=== Begin Enclosure ===

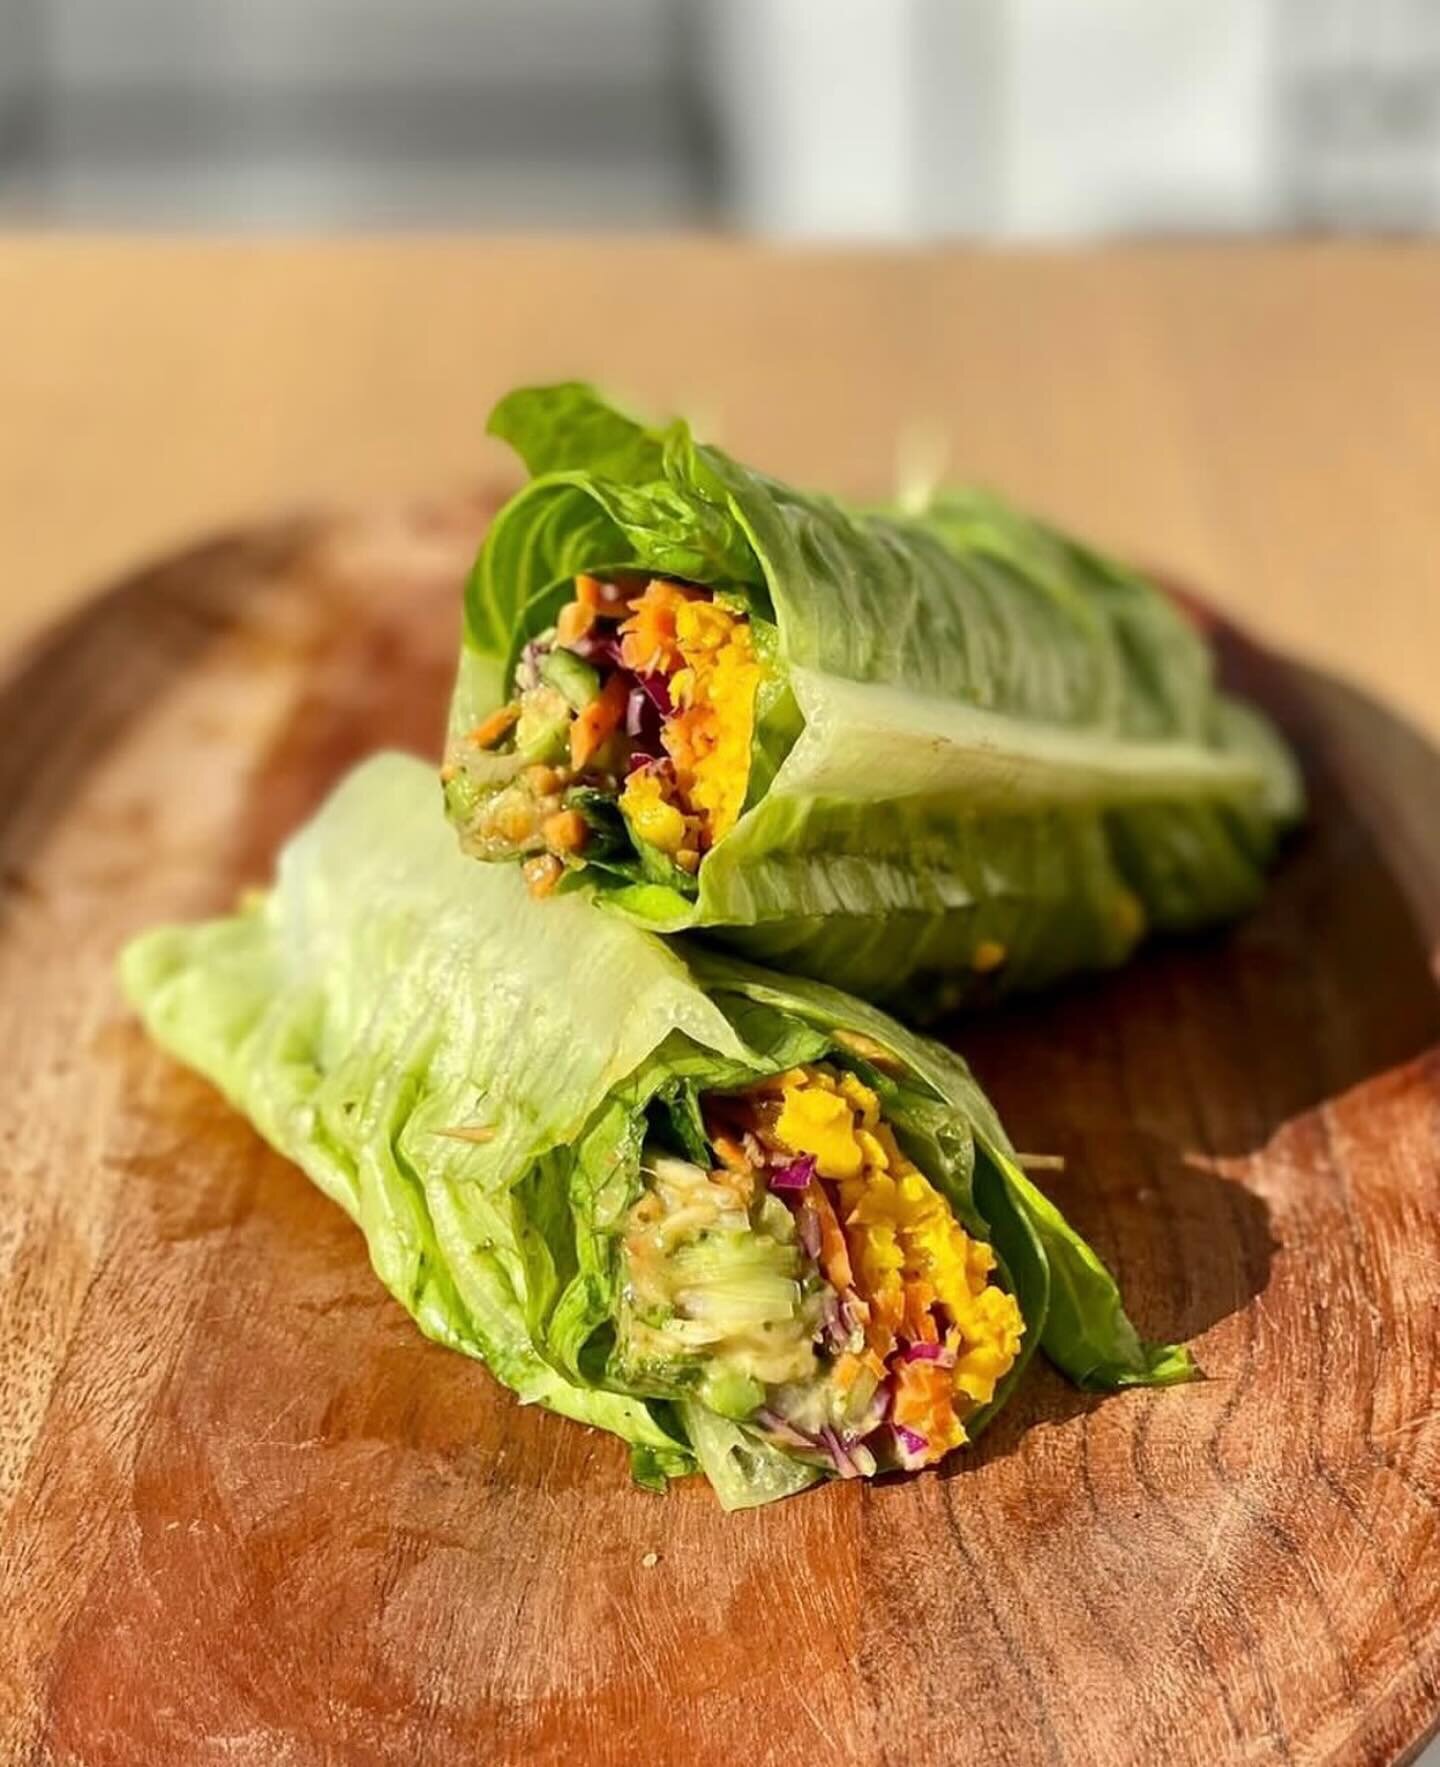 Swipe to see our Lent-friendly options 🥬 Find them @meatthefish and on @toters_delivery 

1. Veggie wrap
2. Rebel Caesar 
3. Falafel wrap 
4. Take me to Bali 
5. Nutty Bachelor

#zulu#zulubeirut

=== End Enclosure ===

Would you transcribe exactly the lines from the one containing "3. Falafel wrap" to the end of the material, and leave out the rest?

3. Falafel wrap 
4. Take me to Bali 
5. Nutty Bachelor

#zulu#zulubeirut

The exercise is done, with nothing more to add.